Degrees of phishing

Stuart Fuller

Earlier this week, I was asked to present at a digital masterclass on the key trends in social media. The audience was made up of digital brand and marketing professionals from some of the biggest global brands who were keen to understand what the latest opportunities and risks were on the fastest-growing channel to market.

Our theme was the dark shadow of social media, focusing on some of the recent data that has been shared about the growth in fake and malicious social media profiles. Our message wasn’t meant to scare the audience, rather to give the attendant brand custodians the most up-to-date insights into what they should be doing to keep their clients protected online and their reputations intact.

After the presentation, we sat down with the audience and discussed some of the trends in more detail. One issue came through loud and clear − irrespective of industry – and that was phishing. Whether it’s traditional email scams targeted at financial services customers, recruitment fraud or social media targeted ads, phishing is becoming more sophisticated and widespread.

The Anti-Phishing Working Group (APWG) reported that phishing was up by 250% year on year based on figures from the first quarter in 2015, with nearly 230,000 identified phishing attacks launched by email alone in March 2016. In the past couple of weeks alone, we’ve seen a number of major brands being subject of phishing scams on social media, with consumer understanding of the threats still almost zero. The overwhelming response from the brand professionals in the room was: “Why do the social media networks allow it to happen?”

Although the growth in social media usage has certainly accelerated the phishing threat, the old-fashioned email method is still as potent as ever. Whilst most of us are clued up to the classic 419 scam (“I’m the widow of a deposed General”; “I work for xxx bank and I need your help to siphon away $10m”; or “Whilst I’ve never met you, I know you are a good person so I want to give you $5m before I die”), add in some authority to the email and it seems many people still lower their guard.

To underline how prevalent the threat has become, the BBC reported last week of a targeted scam, aimed at new students preparing for life in further education. This latest threat was manifesting in an email sent to students who had been offered a place at certain universities. The emails appeared to come from the relevant university’s finance department, complete with logo, offering the student a government-backed educational grant and inviting them to make an application that included the submission of personal and financial details. Some victims had reported money being taken from their bank accounts after submitting their ‘claim’ for the bursary.

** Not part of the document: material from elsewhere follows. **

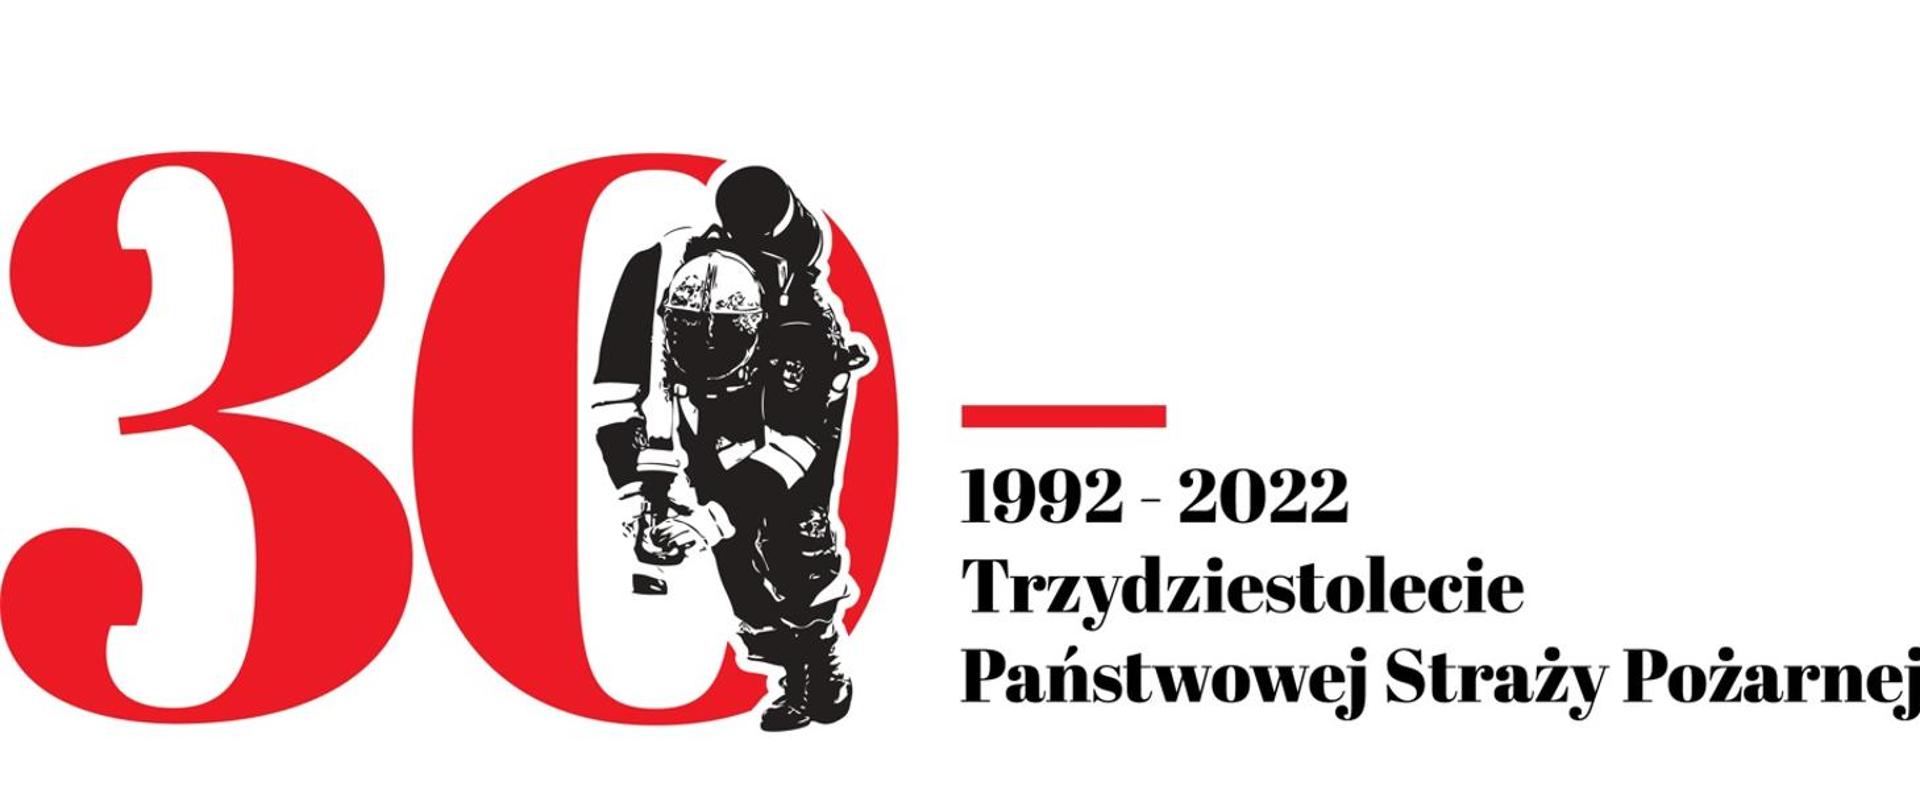 Obraz przedstawia przedstawia logo 30-lecia Państwowej Straży Pożarnej. Z lewej strony liczba 30 w wrysowany w nią strażak w umundurowaniu specjalnym i aparacie ODO ciągnący wąż pożarniczy. Z praeej strony napi 1992-2022 i poniżej Trzydziestolecie Państwowej Straży Pożarnej

The universities affected to date have reassured students that they have not suffered any data breach, which begs the question how the cyber-criminals obtained the personal data. Unfortunately, it’s easier than people think to obtain those one or two bits of key information that can give credibility to a scam. In this instance, that may have been via an update on a social media network (“Yeah! I got a place at the University of ABC…!”) – cyber-criminals will often set up elaborate ways to capture data that to many of us seems innocuous but to others is very valuable.

One other factor that comes into play in the university scam example is the approach to technology of the ‘target market’. The current generation in education use email in a very different way to those of a working age. Today, communication is more social in terms of being via apps such as Snapchat, WhatsApp, Instagram or Twitter – even Facebook is becoming passé in the eyes of a teenager. They use an email address simply as a sign-up, and may therefore be relatively unaware of the dangers that phishing scams present.

Just like supermarkets offering ‘free’ vouchers through Facebook ads, or online marketplaces offering luxury fashion brands at high street prices, offers such as free money for students are simply too good to be true. If an official-looking person was simply handing out cash in the street outside a university, there’d be a great deal of skepticism about their motives. The same caution needs to be exercised online – if it looks too good to be true, it most certainly is!